The challenges in transforming network assurance to network healing

A couple of interesting concepts have the ability to fundamentally change the way networks and services are maintained. If they can be harnessed, we could replace the term “network assurance” with “network healing.”

The first concept is SON, which has been formulated specifically with mobile radio networks in mind, but has the potential to extend into all network types.

A Self-Organizing Network (SON) is an automation technology designed to make the planning, configuration, management, optimization and healing of mobile radio access networks simpler and faster.”
Wikipedia

One of the challenges of creating self-organising, self-optimising, self-healing networks is that every network has physical points of failure – cable cuts, equipment failure, etc. These can’t be fixed with software alone. That’s where the second concept comes in.
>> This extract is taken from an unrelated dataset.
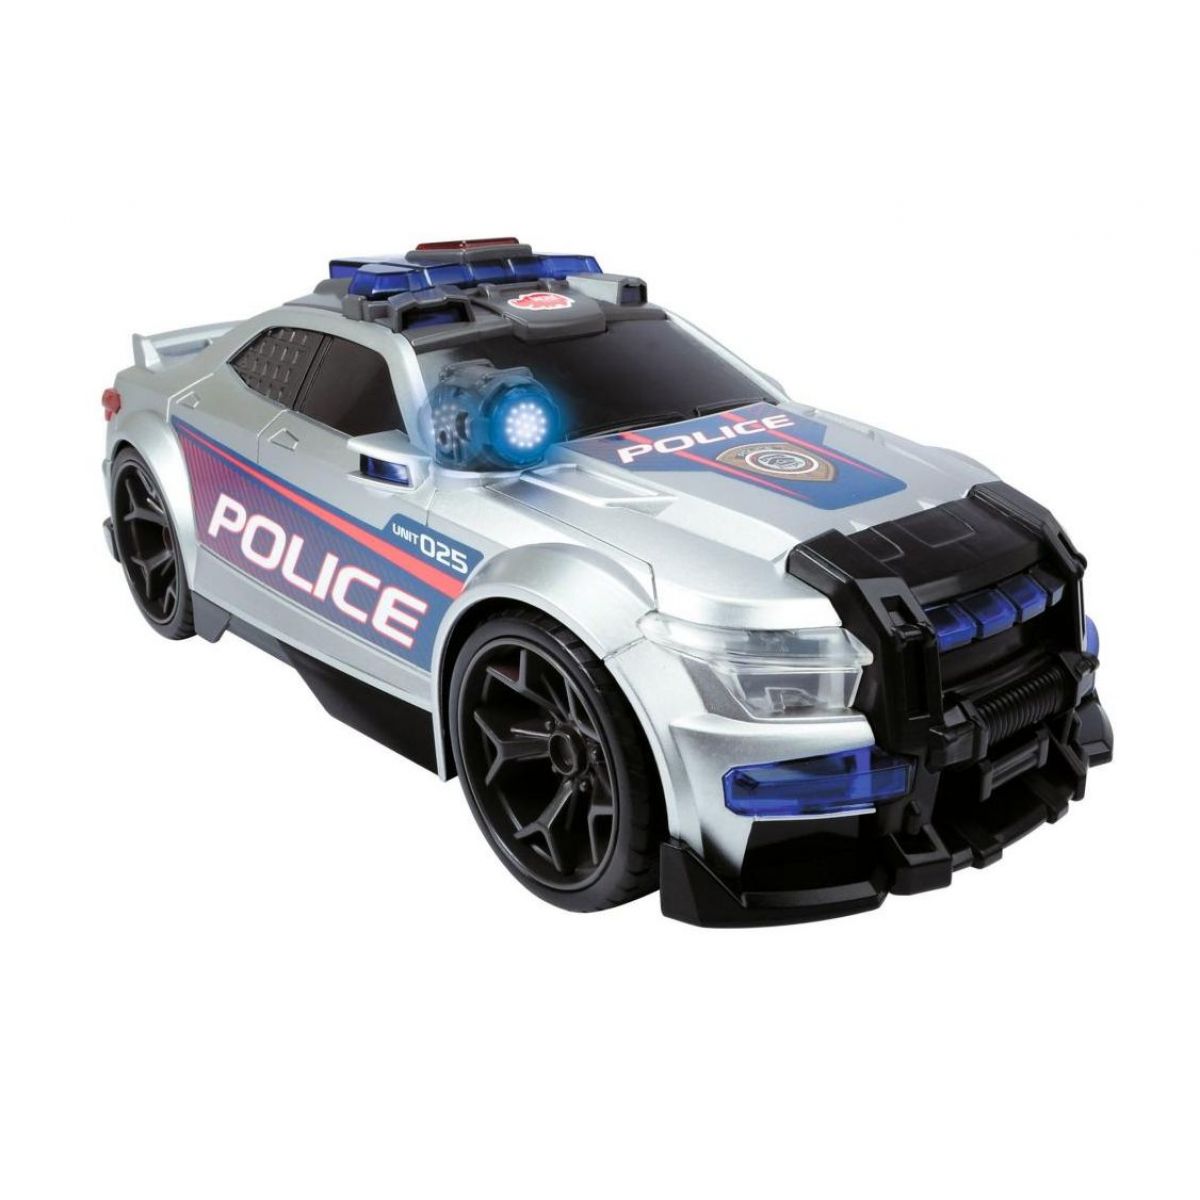 Dickie Action Series Policejní auto Street Force 33cm

The second concept is smart-contract technology (possibly facilitated by Blockchain), which provides the potential for a more automated way of engaging a mini procurement / delivery / test / payment process to fix physical problems (or logical for that matter). Whilst the work might be done in the physical world, it could be done by third-parties, initiated by the OSS via microservice. Network Fix as a Service (NFaaS), with implementation, test, acceptance and payment all done in software as far as the OSS sees it.
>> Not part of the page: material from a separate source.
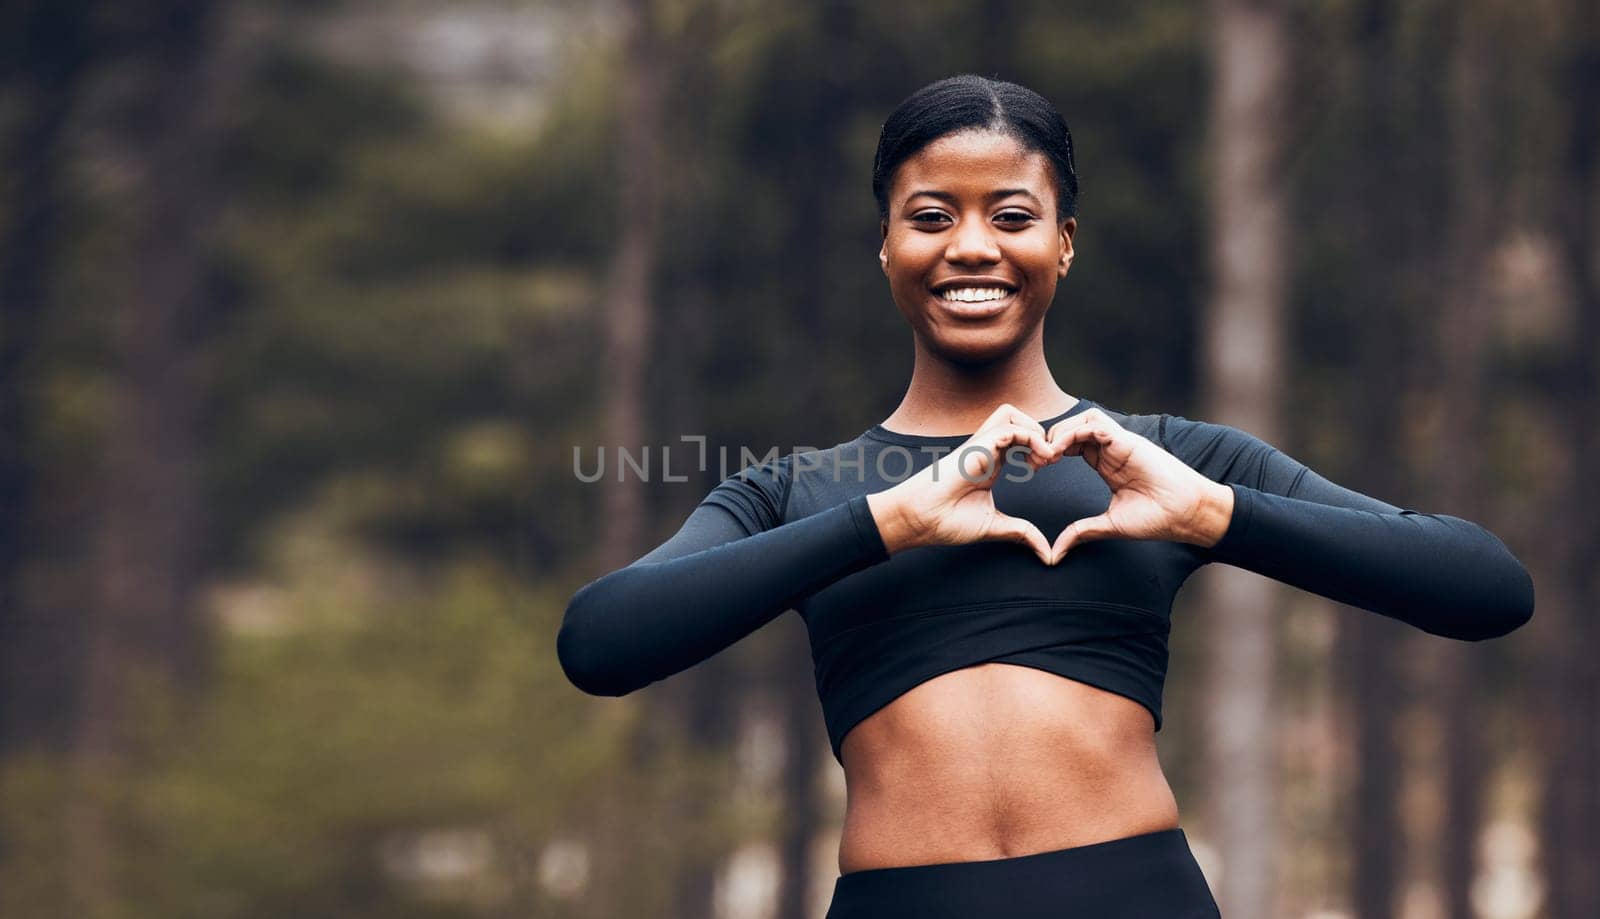 Heart hand, black woman and fitness in nature with exercise and fitness with love gesture. Sport, female person and support outdoor by the trees after a run with romance sign from a workout in park.

To an extent this already happens via the issuance of ToW (Tickets of Work) to third party fault-fix teams, but it’s normally a significantly manual process currently.

However, the bigger challenge of transforming network assurance to network healing is to find a way to self-heal services that span multiple network domains. This could be physical network functions (PNF), virtual network functions (VNF) and the myriad topologies, technologies and protocols that interconnect them.

I can’t help but think that to simplify (self-healing) we first have to simplify (network variant minimisation).

If we can drastically reduce the number of variants, we have a better chance of building self-heal automations… and don’t just tell me that AI engines will solve all these problems! Maybe one day, but perhaps we can start with baby steps first.